Sharing threat intelligence is challenging the industry, but it’s the only way forward
Protecting your banking infrastructure from cybercriminals is one of the toughest IT challenges in banking. It keeps getting harder, even though banks are working tirelessly to protect both customers and assets. Attacks are growing in size, and new developments such as the Internet of Things mean attack surfaces are growing, as well as the number of endpoints that can be used to launch attacks, writes Rich Bolstridge.
It’s not just the size or frequency of attacks, but the speed with which they can be launched. The tools are available to allow a novice to launch an attack if they wish, not just from their machine, but from compromised servers across the Internet giving an attack huge scale with little technical knowledge.
Attack styles are also changing, almost like fashion. Reflection attacks are not new, but they are back in fashion, with new ways to be executed and billions of new connected devices on the Internet each year to be exploited. There is also a new wave of vulnerabilities being discovered that are so severe it will take a long time patch all the affected hardware on the web, leaving backdoors for cybercriminals that will persist for a long time. Heartbleed and Shellshock are perfect examples of this problem, and we should expect to see more in the future.
Hackers attack for a number of reasons, but more often than not the prize is not simply bringing a bank website to its knees. Several banks have confirmed with me that they have observed fraudulent money movements occur during DDoS attacks. DDoS attacks are also used to create a diversion while customer data is downloaded and then sold on the black market to aid financial fraud and identity theft. These data breaches are hugely damaging to brands and their customers and there are already too many public examples to point to.
Is information sharing the answer?
With so much at stake and the banking industry seemingly centred in the crosshairs of hackers across the globe, it’s clear that acting in isolation is not a successful strategy for banking institutions. After all, the hackers are sharing time, resources and knowledge all the time.
Sharing information is the obvious answer, but it is more complex than it sounds. For example, the idea of sharing information is not universally accepted in the industry. In some countries, like the US, it is advanced and commonplace, but there are regions and countries in the world where threat intelligence is still regarded as a sensitive and competitive issue. Speaking with banking executives in some countries, I have been told they are three plus years behind the more advanced countries in terms of threat intelligence sharing. There are legal uncertainties to consider too regarding privacy and liabilities associated with disclosing sensitive information.

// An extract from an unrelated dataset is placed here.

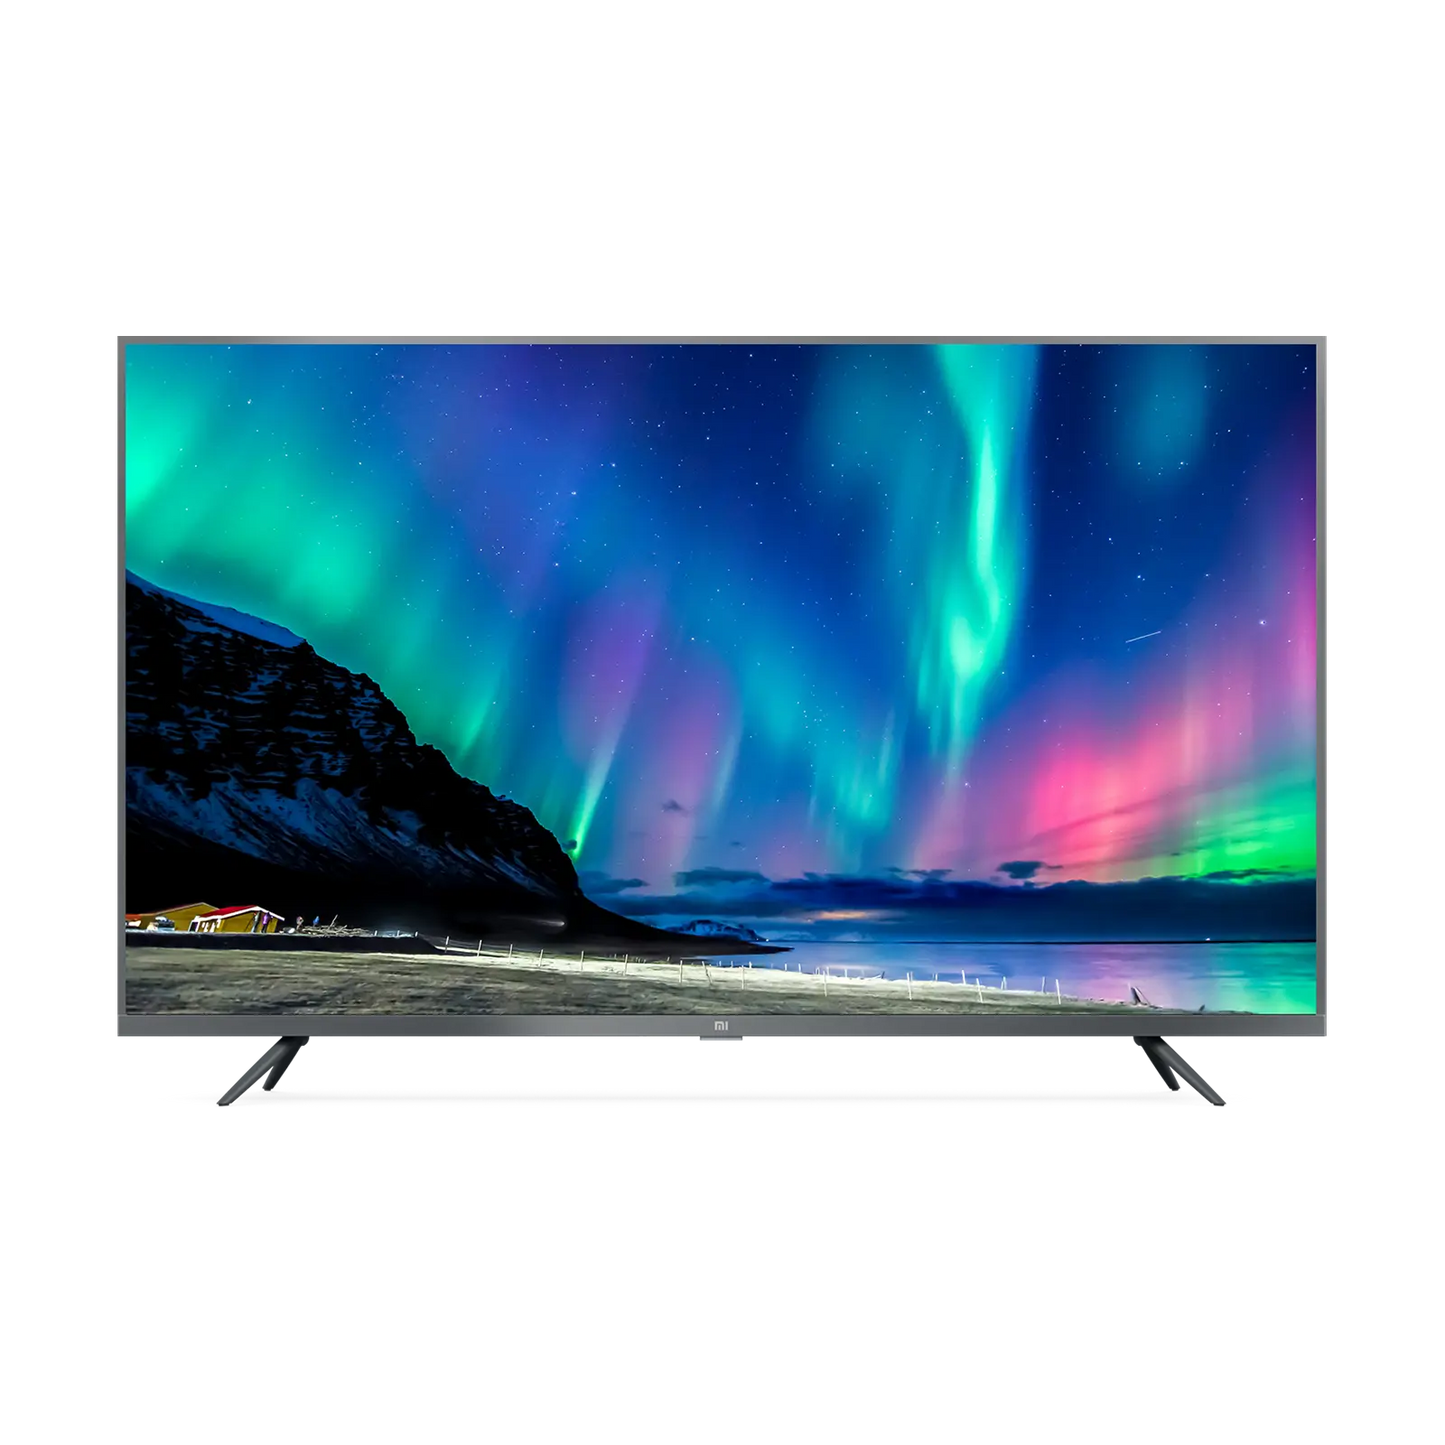 Mi LED TV 4S 43" od Xiaomi w SimplyBuy.pl

When you do commit to information sharing for the wellbeing and security of the industry, it needs to be effective. Nobody wants to be the boy who cried wolf, and spotting an attack is not always easy.
Attacks are not always obvious. If your public website is suddenly unavailable, and customers are going crazy on social media, is that an attack, a problem with your systems, or a problem with your service provider?
Of course if an attack is volumetric, it will be easy to spot, but a data breach can be difficult to see, either because it is disguised by a DDoS attack, or it fails to trigger an alert. Even when an alert is triggered, there are several possibilities that need to be investigated before sharing information: is it an attempted breach? Is it a legitimate penetration test by your own IT group? Or is it a harmless (or otherwise) scan by a third party?
Having absolute certainly is critical when sharing information with the industry if the mechanism is to be trusted and effective. Finally, what if you are attacked, and your security solution successfully defends against it? There is an industry debate to be had about whether that should be shared outside of legal requirements, and positions vary around the world.
Stand shoulder to shoulder
There are challenges to making it effective, but threat intelligence sharing in the financial services sector works. I hear examples of it frequently when speaking with our customers, but there are public examples of its success too. You may remember, or have the scars from Operation Ababil in 2012 and 2013. These DoS attacks were launched at US financial institutions and at its peak over 20 banks per week were being indiscriminately attacked on a daily basis. The banks fought back by not only raising their defences, but by sharing information with each other, and the part this element played cannot be over-estimated.
Threat intelligence sharing is the future, and the manual processes being used today are being replaced by machine-to-machine systems. The DTCC and FS-ISAC have been working on a system called Soltra Edge for a couple years, that is an open standards based threat intelligence ecosystem to pool knowledge and accelerate the speed at which it can be shared. It is gathering momentum and rightly so.
The truth is that there are no real barriers to sharing threat intelligence. Your peers are already doing this, and if you don’t you will find yourself weaker in the fight against cybercriminals. If we all share information, then all banks are stronger. The next threat is never far away, and it will be bigger. Better that we stand shoulder to shoulder don’t you think?